6.    The Company’s shareholders whose shares have not been deposited in the Collective Depository who will attend the AGM/EGM, are requested to present the original Shares Collectove Certificate or submit its copy and the copy of their Kartu Tanda Penduduk (KTP) or other identity card to the Registration Officer of the Company prior to entering the AGM/EGM. While the shareholders whose shares have been deposited in the Collective Depository  or their lawful attorney are requested to submit the original written confirmation for shareholders meeting and the copy of their KTP or other identity card.

7.   (a).The Company’s shareholders who are not able to attend the AGM and/or EGM, can be represented by their attorney by virtue of a power of attorney in the form and substance acceptable to the Board of Directors of the Company, provided that the members of the Board of Directors, members of the Board of Commissioners and employees of the Company can act as attorney of the shareholders at the AGM/EGM, however the votes they cast will not be counted in voting. Therefore, its recommende that the shareholders of the Company do not appoint members of the Board of Directors, members of the Board ofCommissioners or employees of the Company as attorney. If the power of attorney of shareholders are signed outside of Indonesia, such power of attorney must be legalized by the Indonesian Embassy or nearest counseler  where such power of attorney is signed.

      (b) The form of power of attorney dan be obbtained during the business hours and business days at the Head Office of the Company, at Tamara Center Building, 10th Floor, Jl. Jenderal Sudirman Kav. 24, Jakarta 12920 or at the office of the Company’s Shares Registrar,PT. Bima Registra, di Graha MIR, 6th Floor A2, Jl. Pemuda No. 9, Rawamangun, East Jakarta 13220.

      (c)  All power of attorney for the AGM should have been received at the Head Office of the Company or at the office of the Company’s Shares Registrar, at the address mentioned in item (b) above, at the latest 16.00 West Indonesia Time, 3 (three) business days prior to the AGM, namely 17 May 2019.

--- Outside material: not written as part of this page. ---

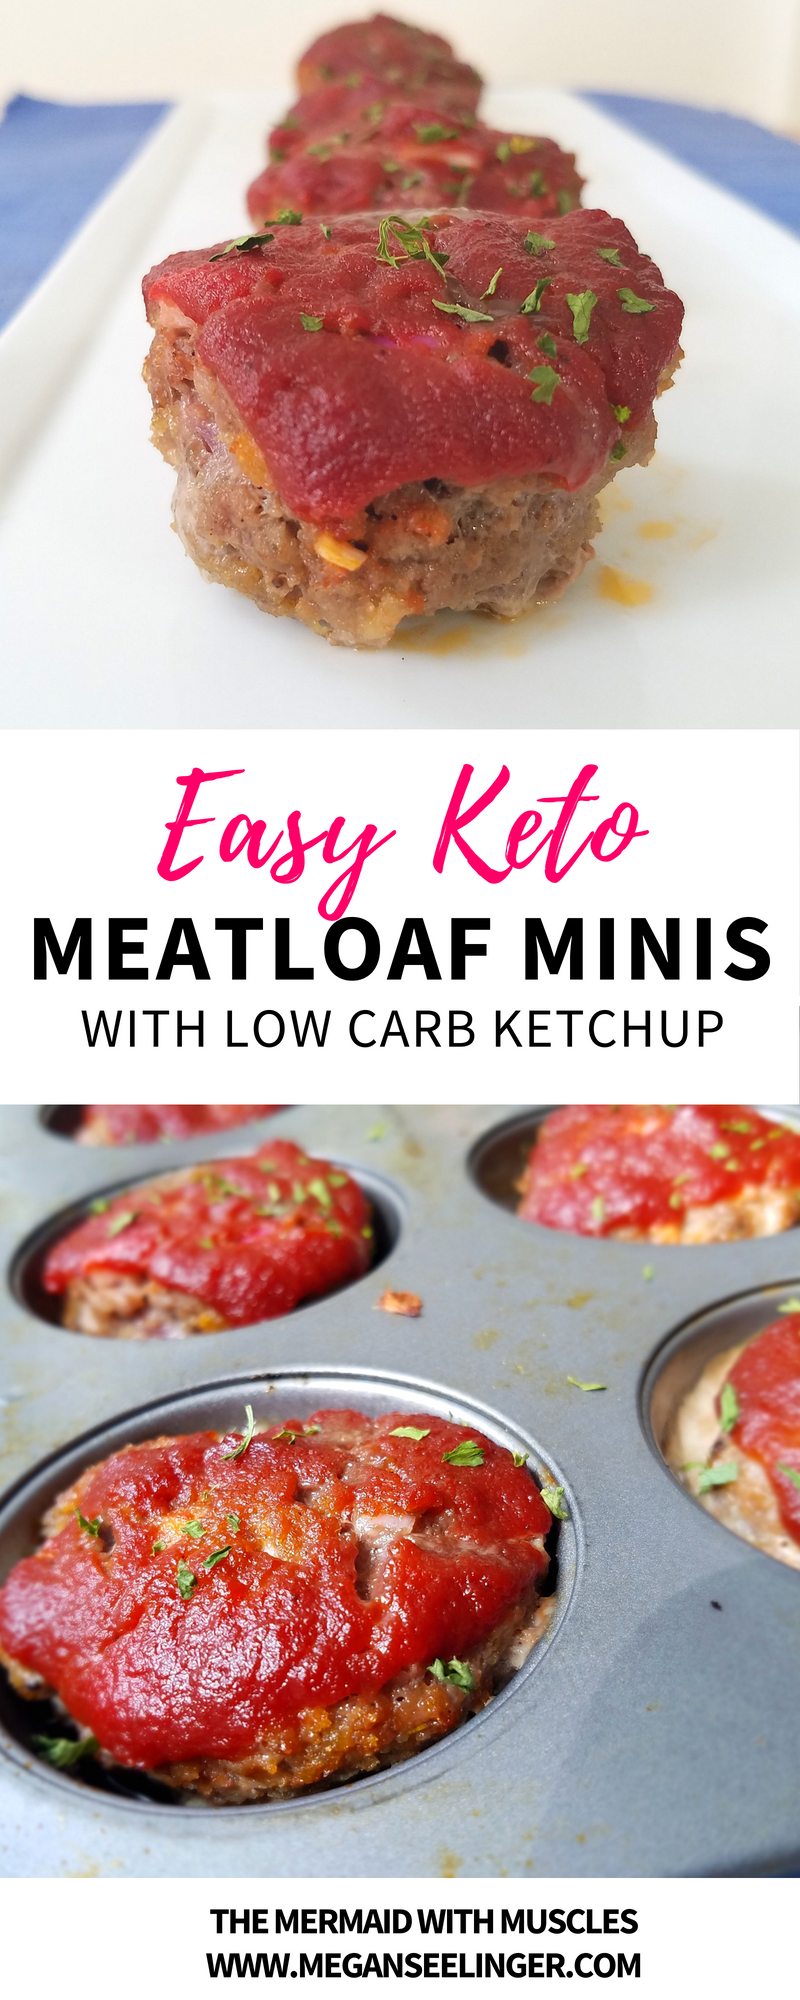 The Best Keto Meatloaf Minis with Low Carb Ketchup -   21 keto recipes meatballs
 ideas

8.  The Company’s shareholders which are legal entities (“Legal Entity Shareholders”) can be represented in the AGM/EGM by a person (persons) having authority to represent and act for and on behalf of the Legal Entity Shareholders in accordance with the Articles of Association of the Legal Entity Shareholders.

Kindly requested to send:

(a)  copies of the Articles of Association of the Legal Entity Shareholders prevailing at the AGM/EGM, and

(b)  copy of the Minutes of General Meeting of Shareholder or other document related to the appointment of members of the Board of Directors or management of the Legal Entity Shareholders having their offices at the AGM/EGM are held, together with the evidence of notification and regiatration of their appointment to the competent authority,

to the Head Office of the Company or the office of the Company’s Shares Registrar, at the address mentioned in item 7.(b) above, at the latest 3 (three) business days prior to the AGM is re held, namely 17 May 2019.

9.   To facilitate the smooth conduct AGM/EGM, the Company’s shareholders are kindly requested to be present at the venue of the AGM/EGM at the latest 15 (fifteen) minutes prior to the AGM/EGM being commenced.